Malone has been working on a couple of mechanical changes at a baseball training facility in his hometown of Charlotte, N.C. called X2 Athletic Performance this winter, trying to keep what he described as a “whippy” arm motion while improving how he pushes off the rubber and moves his hips. He's supplemented that knowledge by diving into a pitching data base with what pitching coordinator Josh Hopper described as hundreds of pages of drills and exercises.
His success there has helped him just as much on the mental side. He’s always had confidence, but those injuries on top of the pressure of being one of the main prospects that Pirates have acquired in their rebuild does take a toll.

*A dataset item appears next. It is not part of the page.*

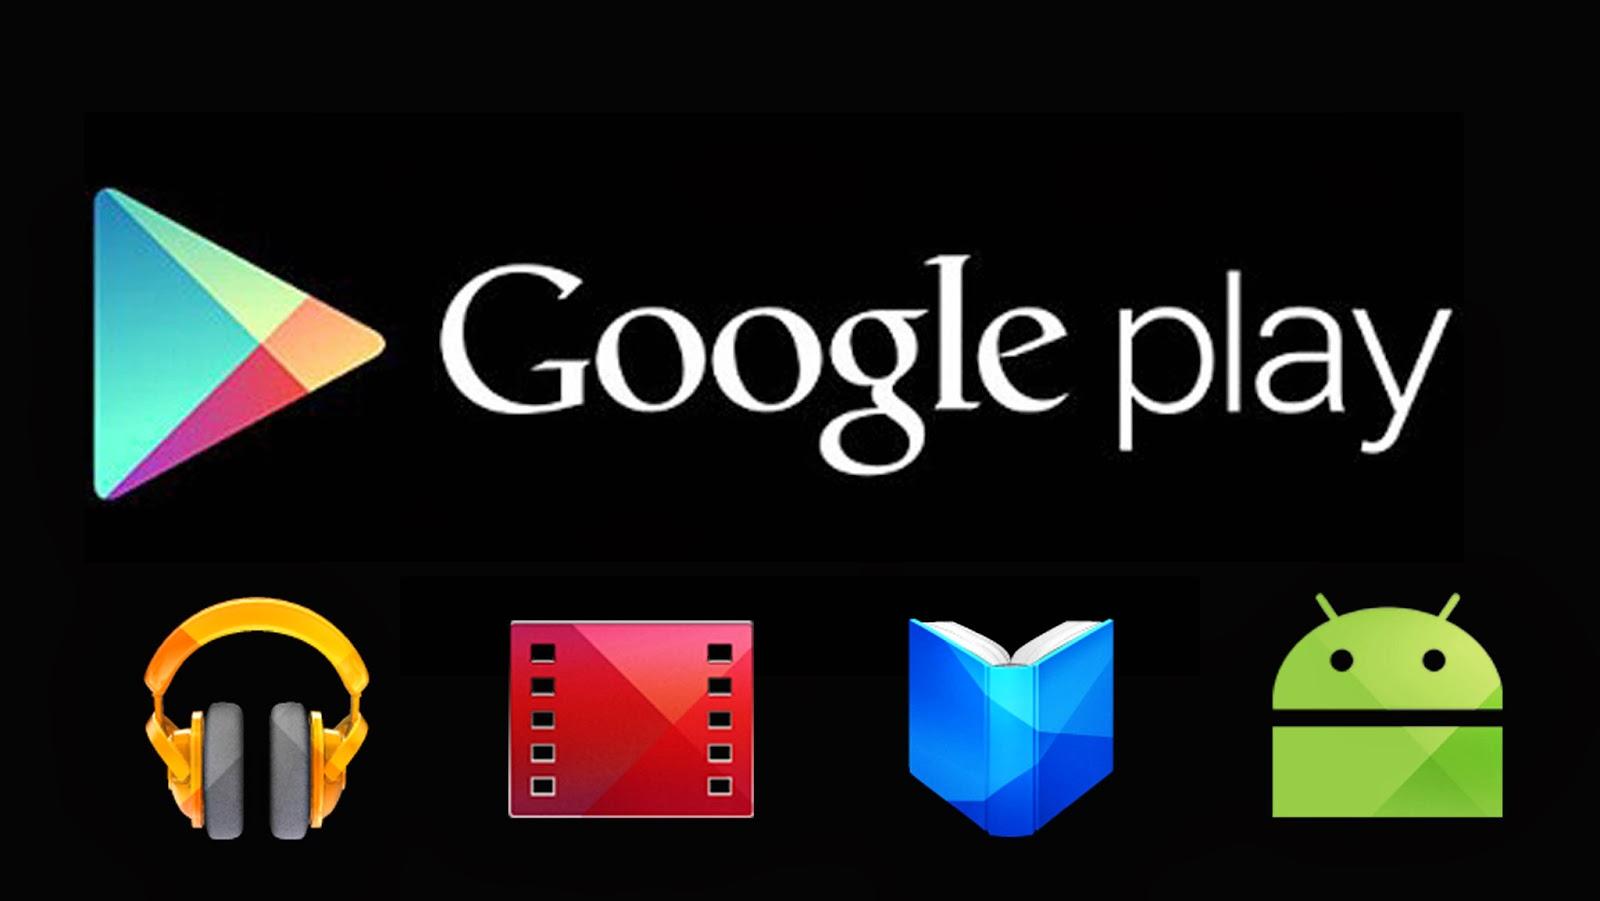 Agust Bece Cara Download File Apk Di Google Play Dari Pc
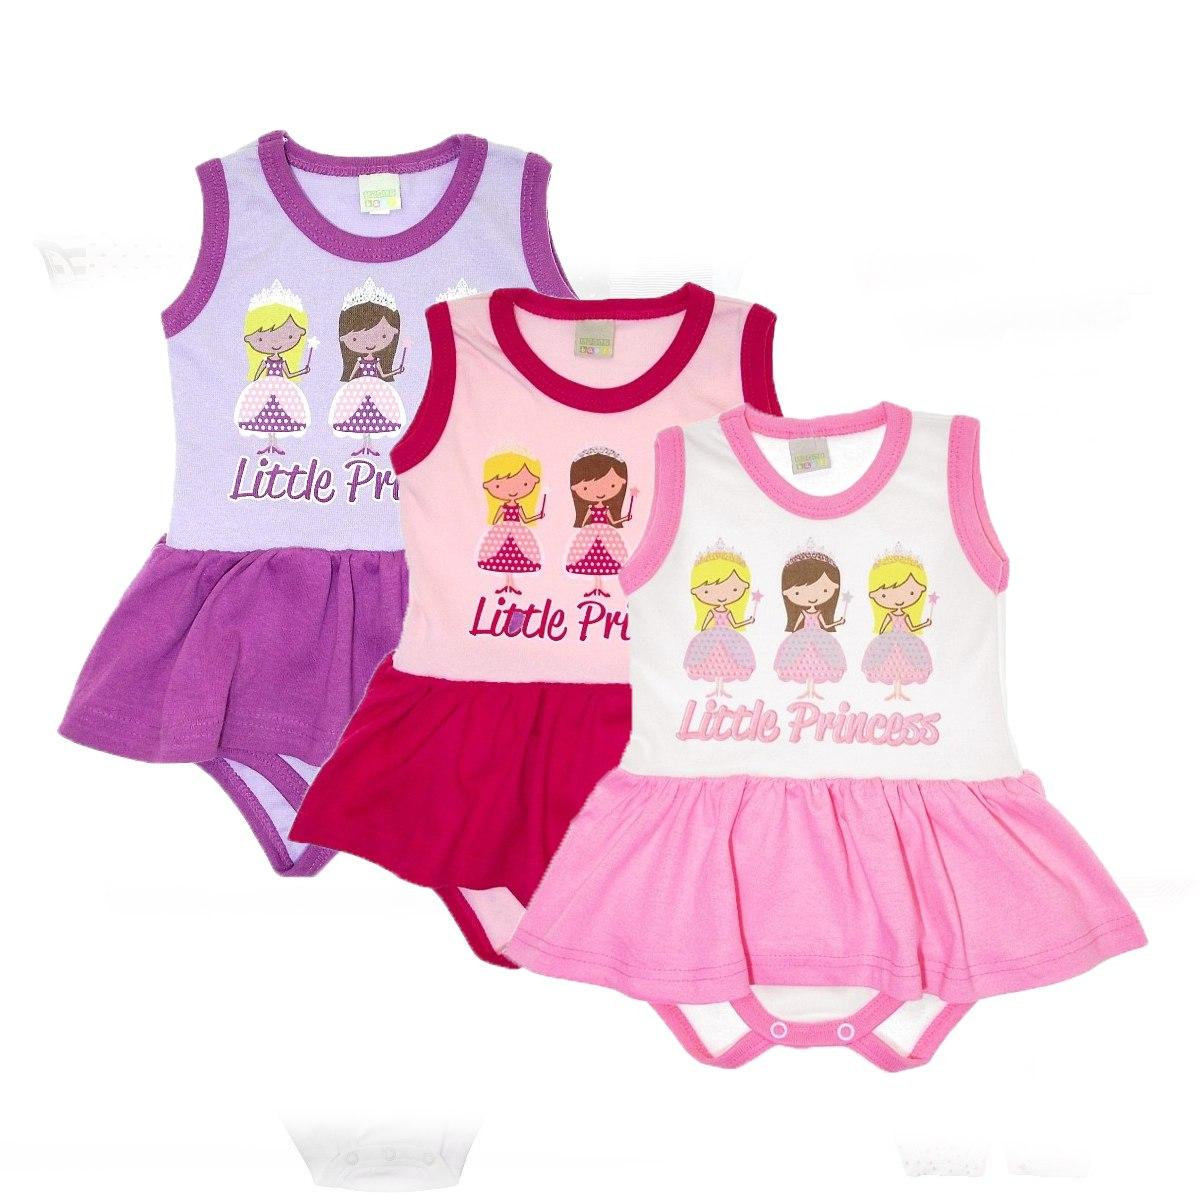 Body De Bebê Com Vestidinho Mais Barato Promoção - R  20,00 em Mercado Livre 566fd392ba

While it was a small sample size, in 14 competitive innings last year, Malone walked 10, hit a batter and threw three wild pitches. Chalk it up to a combination of the mechanics and nerves.
Seeing positive results come from better mechanics, plus knowing his teammates have his back, can help give him a much-needed boost.
“Just trusting myself, trusting what I know I can do,” Malone said. “And I’ve shown it in the past. I just know I’m capable of that. Having faith in myself, that helped a lot.”
After barely appearing in any games in 2021, Malone has thrown a couple live batting practices already this minor-league camp. Those outings continued to give him more confidence going into 2022.
“My adrenaline has been spiked really high,” Malone said. “That definitely gave me a little taste, and I’m ready to go.”
So when he does get on the mound in a game again, is he going to chase triple digits on his first pitch back?
“I hope that first game, it’s a strike.”